Between Parking Ticket Stabbings and Hope Eternal
Illustration (Image credit: Moshe Milner/Government Press Office of Israel)
One can get really upset when discovering a parking ticket on their windshield, right? I suppose we have all had that unpleasant experience. Just the other day a young Arab citizen of Israel drove his jeep into Acco (Acre) where he took his eight-month pregnant wife to be examined in the clinic. When he came out he found a ticket on his car. He was not happy to see this - so he decided the right response would be to murder as many Jews as possible in multiple places, especially those in uniform.
He hit three targets before he himself was wounded. He is now in the care of kind Jewish doctors at Nahariya Hospital. His family claims it was a just an unfortunate traffic accident. How does one wrap one's head around this?
Here we have an Israeli Arab enjoying the abundant and generous fruits of the Jewish state, which has given him and his family a life of freedom and security. He abandons his pregnant wife to kill Jews; the same Jews that built and defend the only place in the Middle East that ensures him and his family basic human rights and opportunity. This case is just another of a dizzying number of similar ones in which comfortable, educated, employed Israeli Arabs find their ultimate fulfillment in killing Jewish fellow Israeli citizens. This phenomenon of comfortable, free Israeli Arabs using whatever comes to hand to murder Jews has increased rapidly in recent years.
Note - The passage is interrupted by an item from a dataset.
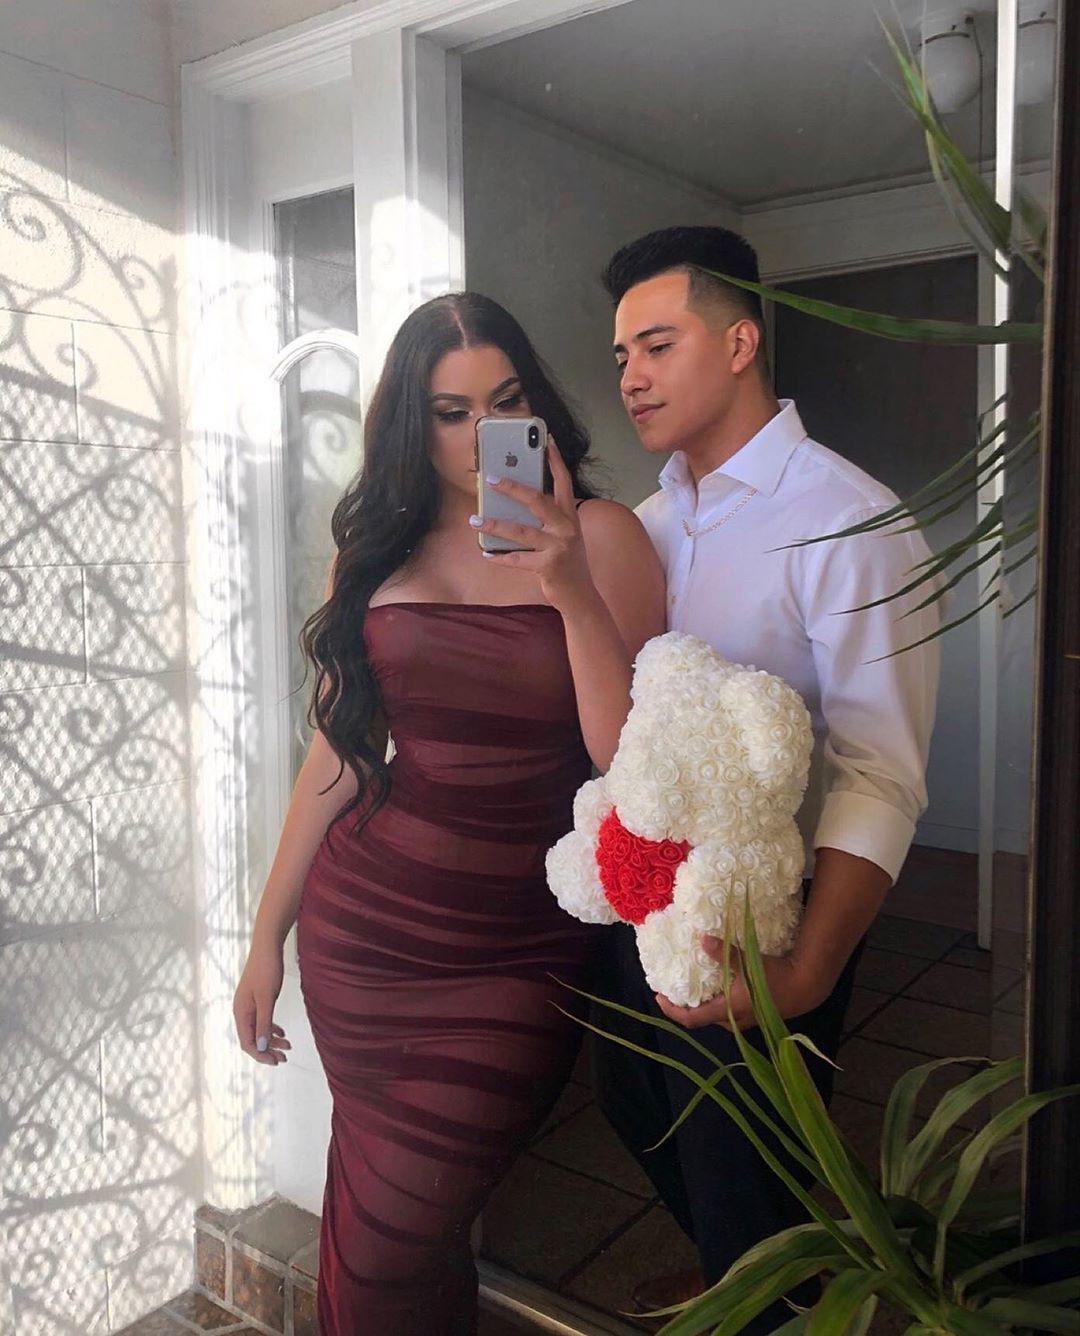 Alondra Mendoza bridal clothing, wedding dress formal wear colour outfit

As opposed to the reaction to the very rare case of a Jew killing an Arab - when all of the Jews from the president on down voice outrage and shame - the Arab killers of Jews are considered heroes. It is clear that the Arabs in Israel know that they have it very good indeed. If they felt otherwise they would leave; no one is kept by force. Not one of them has left for the Palestinian Authority where they will not have to see the hated Israeli flag. There they can be subject to their own beloved PLO flag that they so passionately wave as proud “Palestinian” students in Israeli universities. Of course, when offered the possibility to stay in their present homes and just be ruled by the PA, they would shriek in horror.
This is a classic psychologically frustrating situation. Israeli Arabs cannot accept the fact that the lowly, despised Jews beat them in 1948. They will always hate us for that humiliation, and for other more traditional reasons. But they love the good life we created for them - that’s a problem. The increasing number of Israeli Arabs in higher education, government, academia, and the courts has no impact on their resentment. It seems to only stoke the fires of their frustration.
I understand their predicament. What I find far more difficult to understand is the continuing delusion of many Jews about this situation.
Just this week I had a conversation with a very nice and intelligent colleague of mine. I know that she is not stupid or ignorant of the facts. I was surprised, therefore, to hear that she was one of those still stuck in the "we should try harder" mode. I thought this type of illusion lost its spell after decades of horrible post-Oslo tragedies. She insisted that it all can be good “If we only talked to them... Dialogue… There is a better way… Teach them." I was truly shocked. I think it comes down to this: Some people just cannot accept that there are no comfortable solutions. Some people just absolutely need to believe in "hope eternal.”
I clearly remember a radio interview a few years ago with Dr. Yossi Beilin, one of the chief architects of the Oslo disaster and its staunch defender to this very day. He was asked his opinion on Oslo now that it has not turned out the way he envisioned and assured it would. I remember his response being along the lines of: "It is true that there are problems, but I just cannot live in a world without hope.”
In every generation such people arise. Neville Chamberlain, facing an ascendent Adolf Hitler, told us he too could not live without "hope.” Beilin cannot - and it seems my colleague cannot either. If only the nice young man in Acco was not given a ticket. We should think up alternatives if tickets upset them so, there simply must be a better way. Never give up on hope.